As you see, we're studying the content of previously produced SQL DOM expression to make some decision, that will actually affect on production of subsequent expression. Actually, this code helps to decide if we must create a new query with nested select statement, or simply decorate the statement we already have. And to make this decision, we must know how existing statement looks like.

Note that such a solution isn't 100% necessary. E.g. you can decide to rely on just the first case (create subquery) . But this doesn't always work. For example, it's quite desirable to reduce the statement nesting level in Oracle (see the tail of this post for details).

Finally, the SQL DOM tree transform I just described isn't the only one. There are many others, e.g. you must implement APPLY rewriter. Btw, in our case it is implemented on RSE level (i.e. we transform query plan rather then SQL DOM model), but if you don't have such an intermediate layer, likely, it will appear either as rewriter in LINQ translator layer, or as SQL DOM rewriter.

What are alternatives to SQL DOM?

As I just mentioned, the simplest alternative coming to mind is custom (internal) LINQ extensions allowing to precisely describe SQL language constructions, e.g. as it's described here. So such a translation pipeline would look like:
  • LINQ translator produces translates original LINQ expression to SQL-like expressions
  • This expression is processed by a set of provider dependent visitors, that rewrite unsupported SQL constructions there to supported ones, as well as simplify (beautify) resulting expression.
  • Finally, this expression is converted to SQL command.
But as you may find, this is nearly the same as in case with SQL DOM. Let's list pros and cons: Pros:
  • No necessity to develop large set of classes. 
  • Likely, it will allow to develop a complete solution faster.
Cons:
  • Expressions in .NET are of predefined types. You can't associate custom information with them. But in this case you need the information related to SQL, not to C# expressions. E.g. to decide if this SELECT statement has WHERE clause, you must check if method call expression (e.g. calling .Select) has a parameter named "where". So "studying" such expressions must be a hell: you must be aware what can be used there, how to check if a particular construction is used and so on. Remember that you can't use your custom types in such models (if you will, in fact, you will develop SQL DOM ;) ).
  • You will anyway need schema model.
  • So likely, this will slow down the development of anything related to it. Rewriters, visitors (compilers) and so on.
  • Moreover, this will slow down the translation. Expressions are immutable, and their construction is quite slow (at least now).
Why we developed it? When we started, is was completely unclear if we will support LINQ or not.

This decision was based on our previous experience. DataObjects.Net v1.X ... 3.X never had this part, and finally we came to a conclusion we anyway need it. As you may find, it isn't related to LINQ much. It is an abstraction allowing to deal with SQL in object oriented fashion, rather with SQL as text. And this ability brings tons of benefits - in particular, it makes SQL generation in ORM quite unified.

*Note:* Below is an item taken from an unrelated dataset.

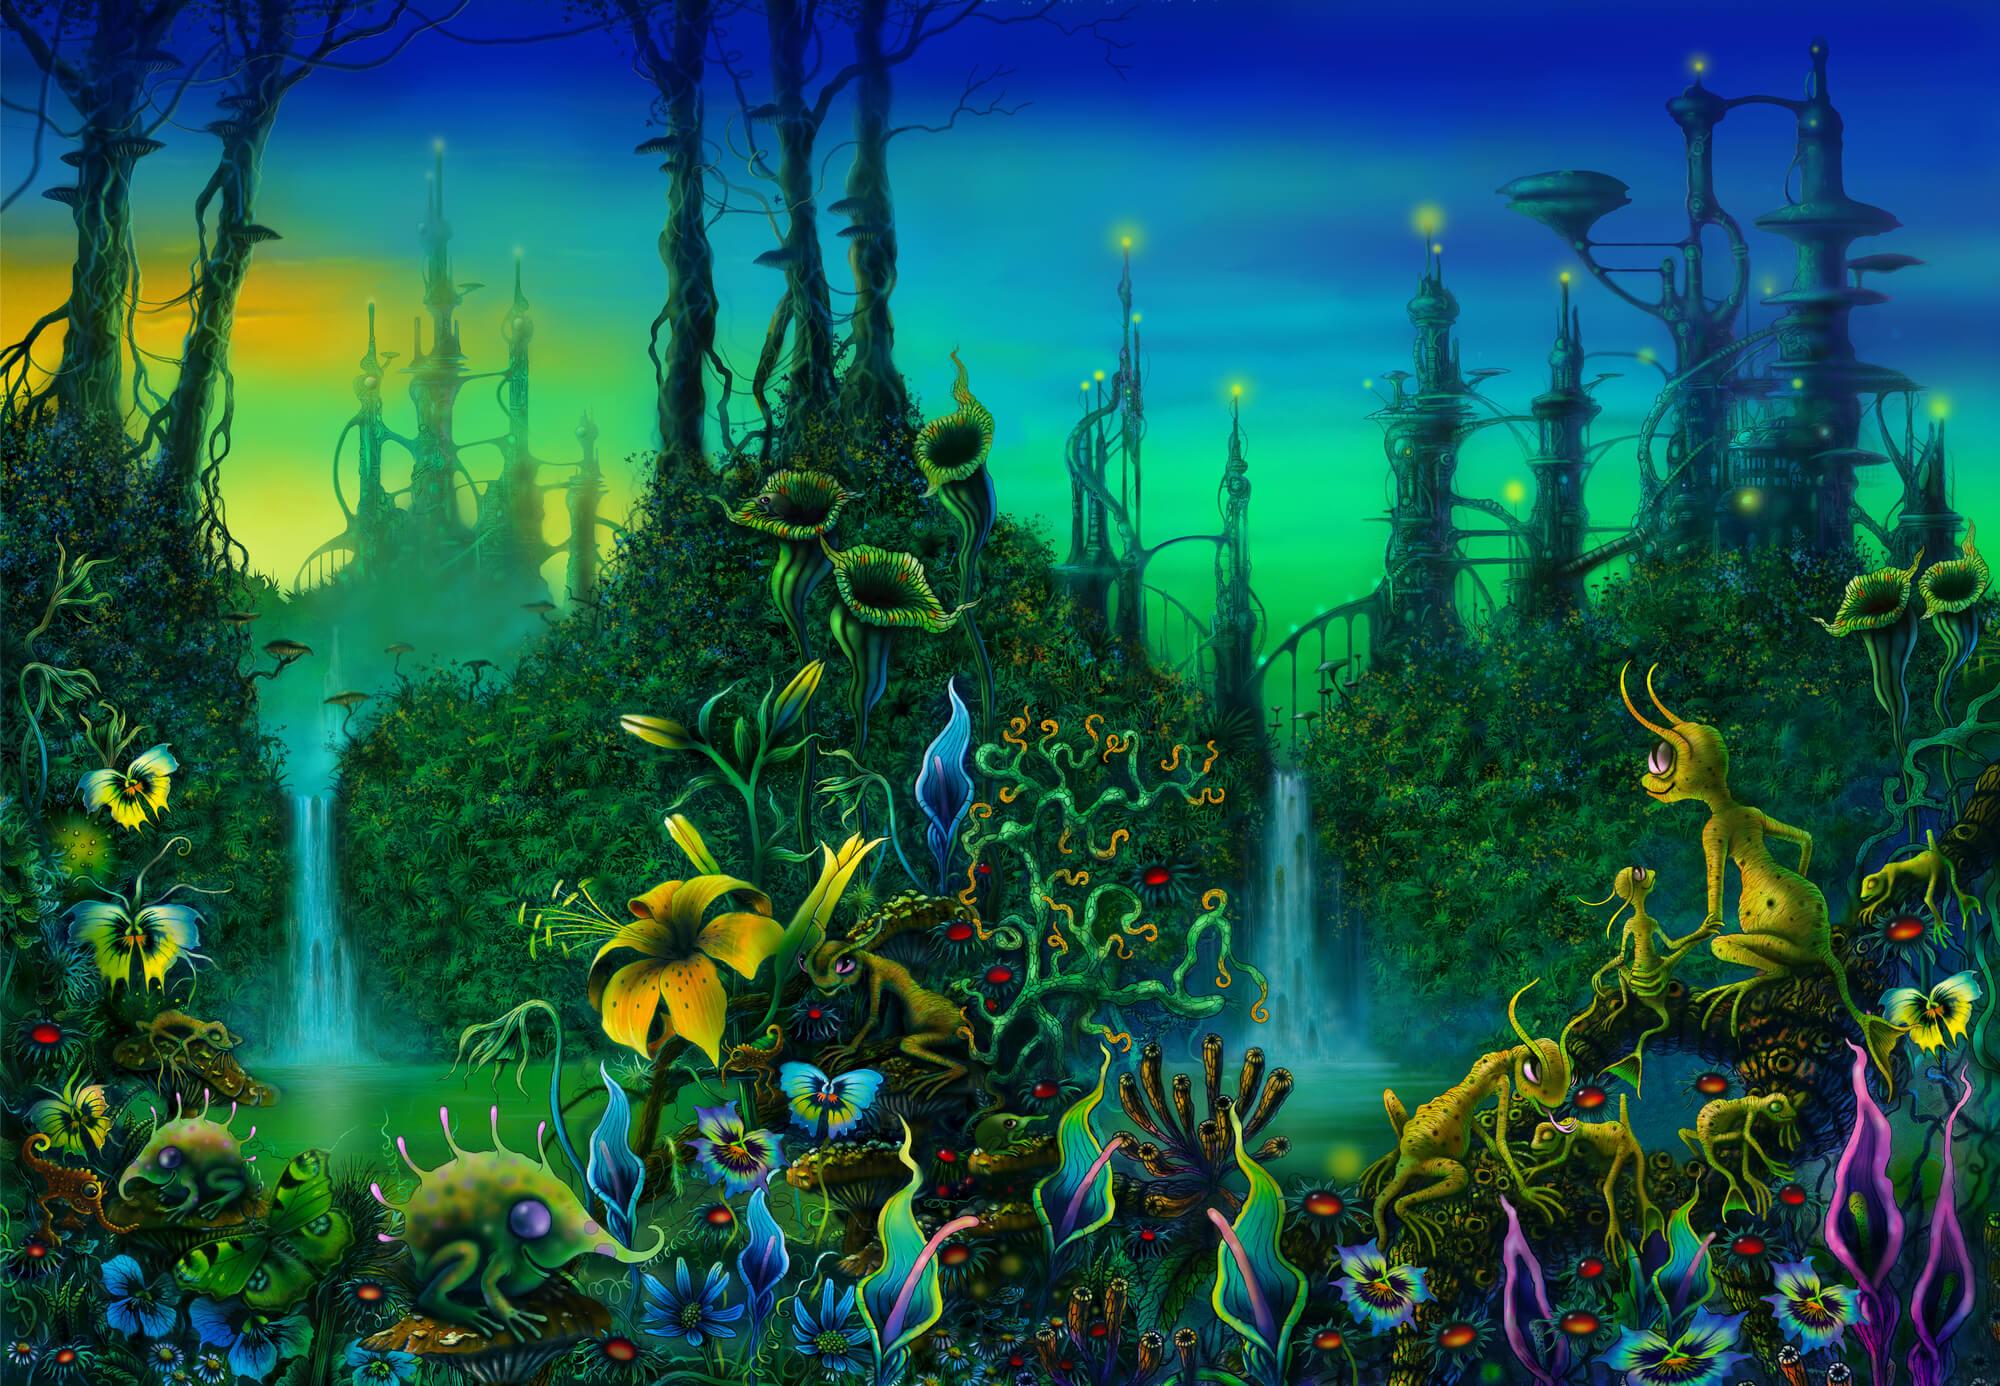 Alien Jungle Wall Mural

SQL DOM was actually the first part we developed for DataObjects.Net 4. Btw, we even sold few copies of it :) (obviously, we knew it will be almost impossible: such a monster is necessary mainly for ORM developers). Here is a testimonial we recently got for it (translated from Russian):

"In one of our project we faced necessity to build complex SQL queries independently from specific DBMS. It was in 2007. It was clear that we need some object model of SQL the language. Searching the market then led us to Xtensive SQL DOM. It was not a product - it was a library that existed in this company and was used for their own needs. However, they wrote about it on their support forum. It should be mentioned the openness of the company was surprisingly high, which is always nice. We acquired this library and are successfully using it for two years now. Despite the fact that we have implemented some modifications there, I can highlight high quality of its design and code . Its architecture allowed us to implement a new SQL DOM provider for Oracle for it solely by our own forces. Now SQL DOM is included into DataObjects.Net 4. Definitely, any product of this company deserves the closest attention.

Sincerely, Sergey Dorogin.
Lead developer,
Department of Information Technology, JSC "CROC Incorporated"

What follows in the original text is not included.